╔══

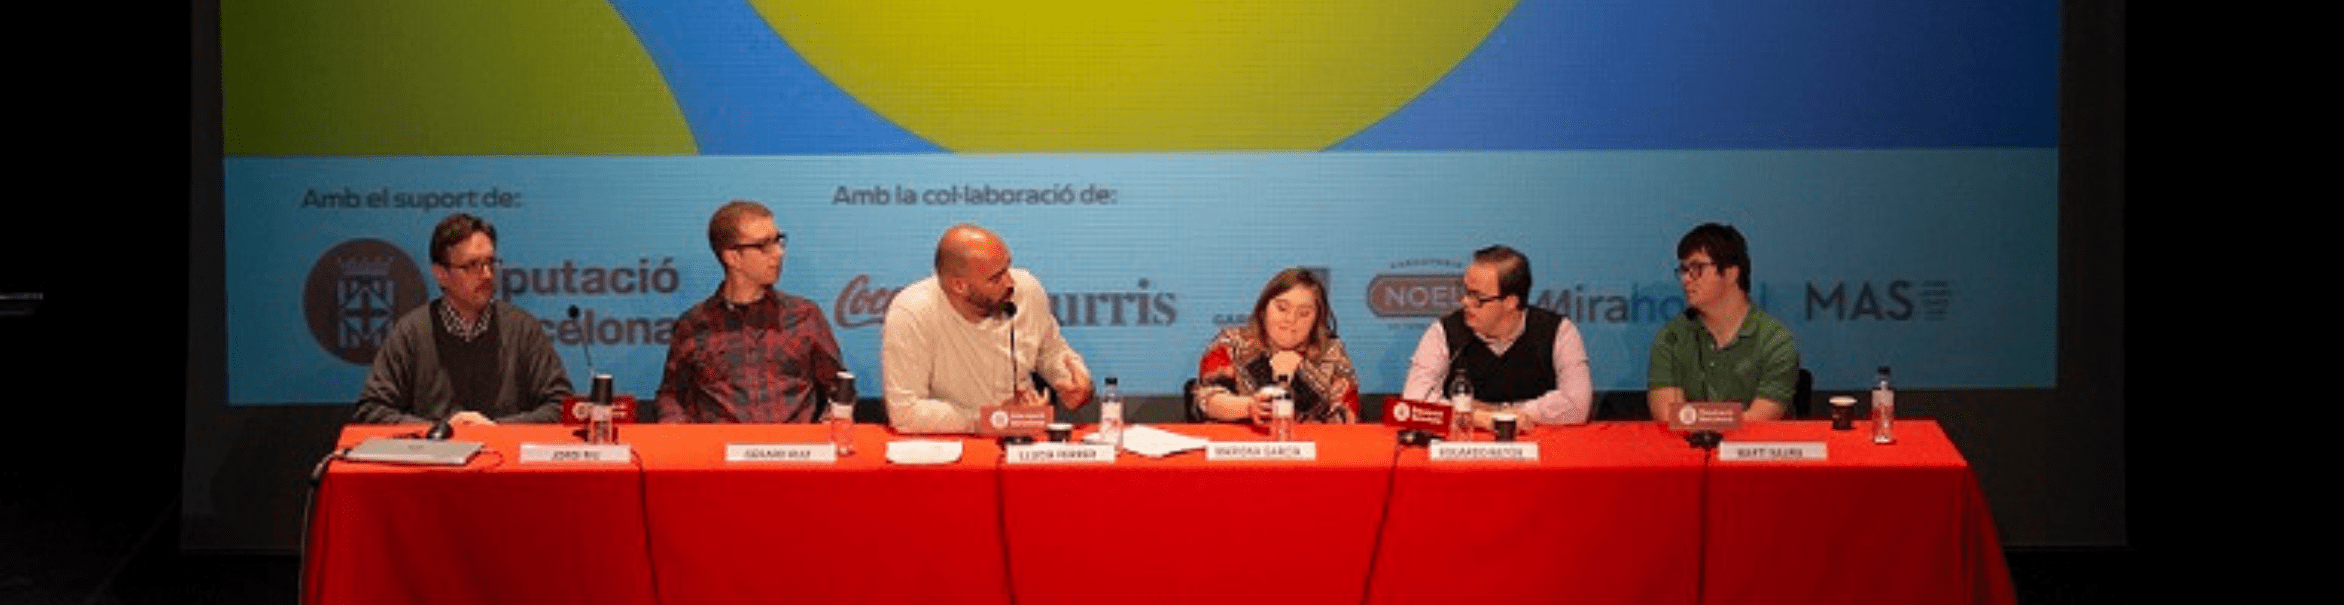 Mirahostel y la Fundació Catalana Síndrome de Down, bajo una misma causa
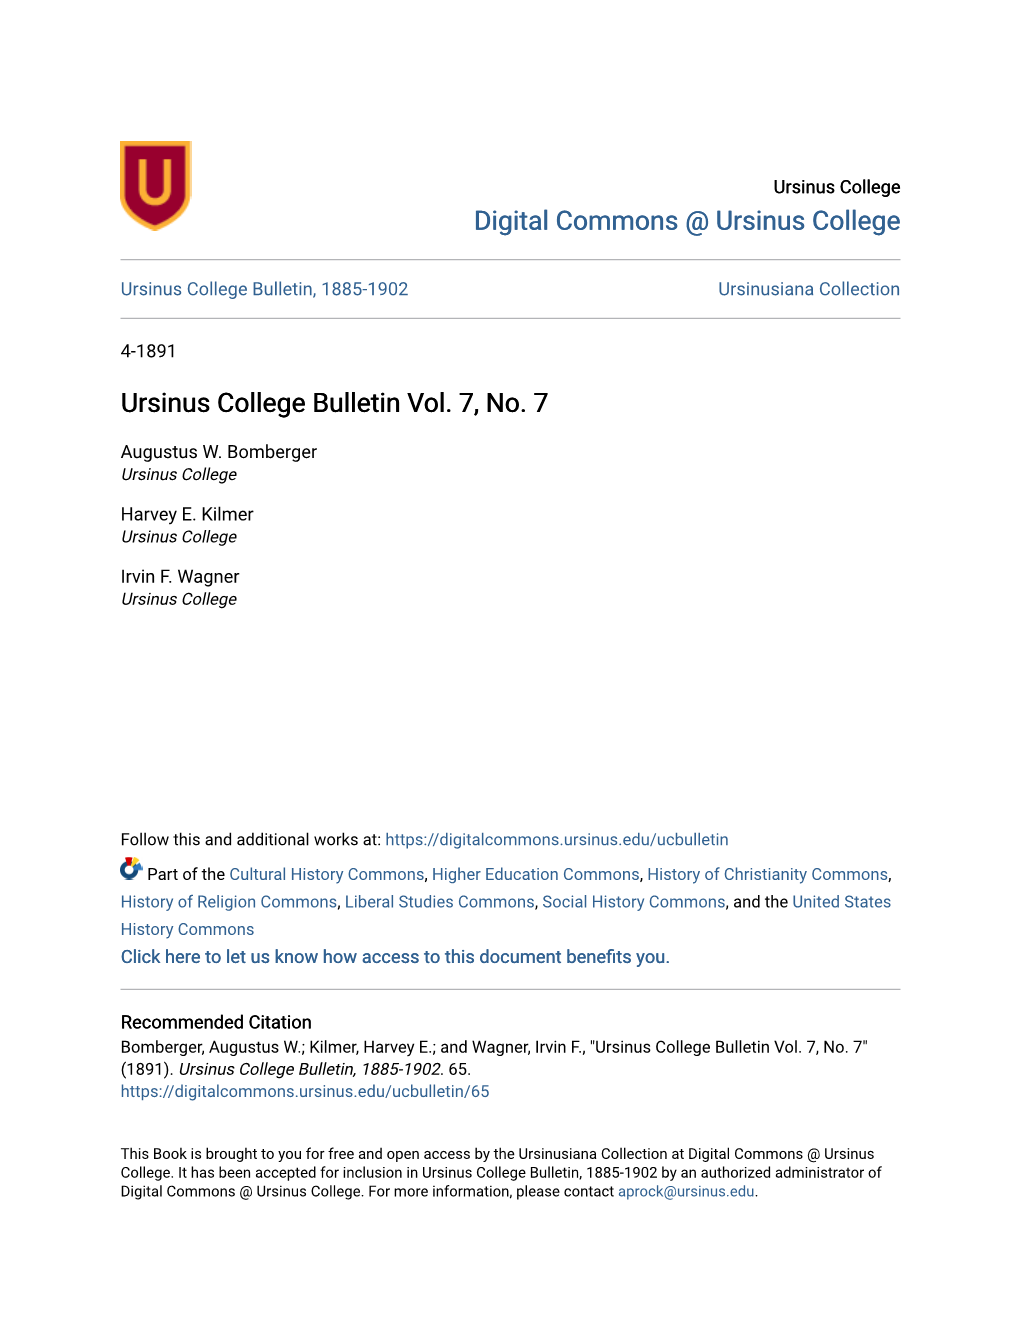 Ursinus College Bulletin Vol. 7, No. 7
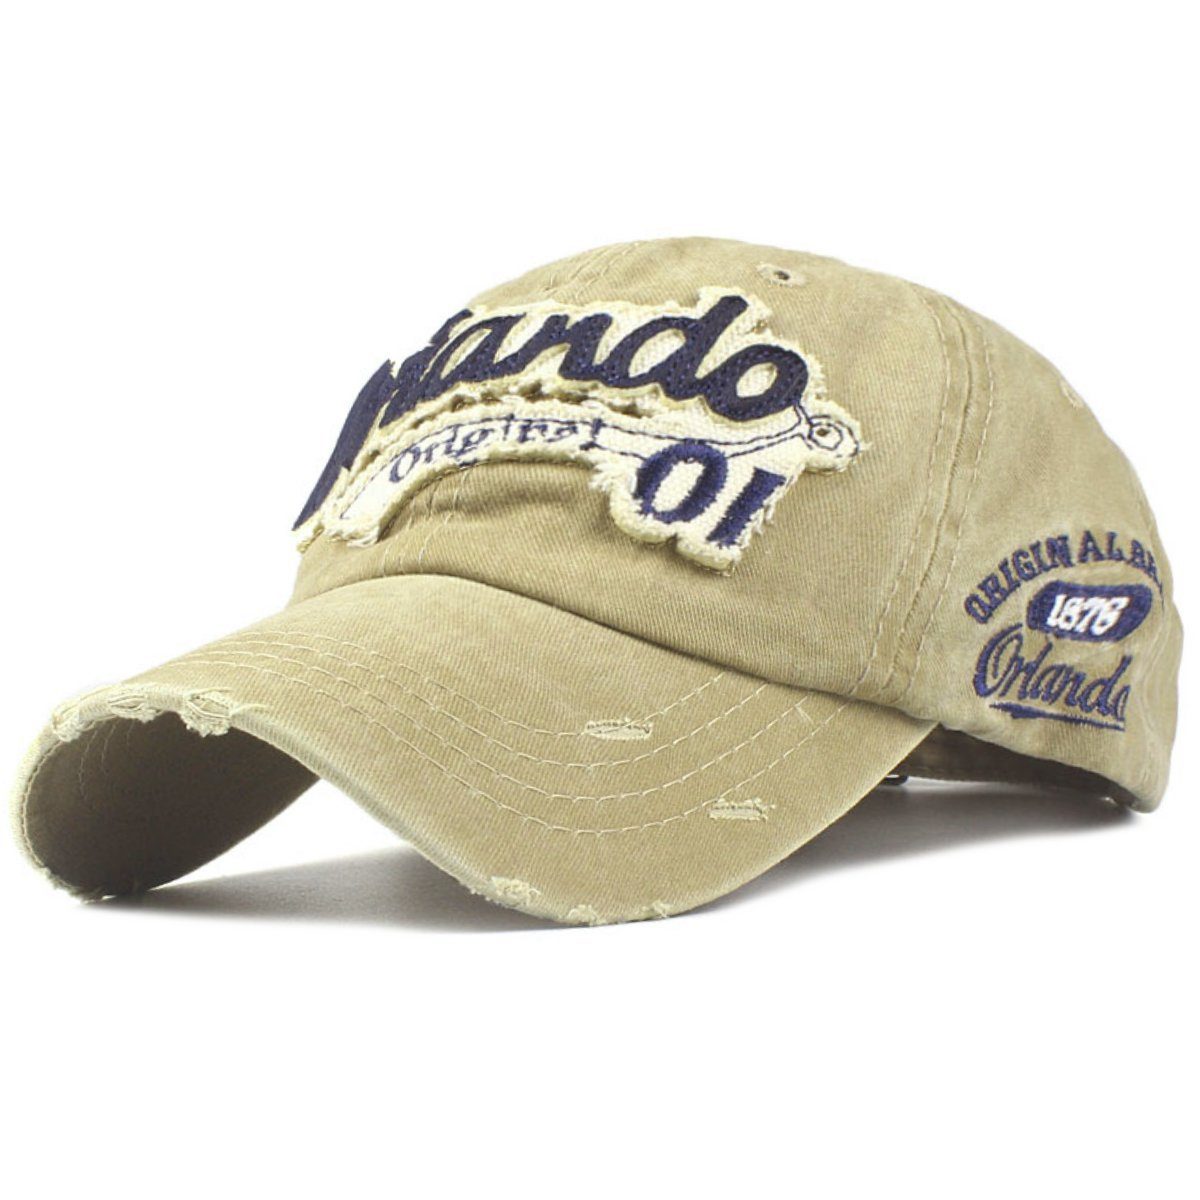 Sporty Baseball Cap Orlando Original Vintage Style Used Washed Look Retro Baseballcap khaki | Baseball Caps

╚══

Work request — Copy the data precisely. Skip every picture.

Exercise response —
 Mirahostel y la Fundació Catalana Síndrome de Down, bajo una misma causa
 Ursinus College Bulletin Vol. 7, No. 7
 Sporty Baseball Cap Orlando Original Vintage Style Used Washed Look Retro Baseballcap khaki | Baseball Caps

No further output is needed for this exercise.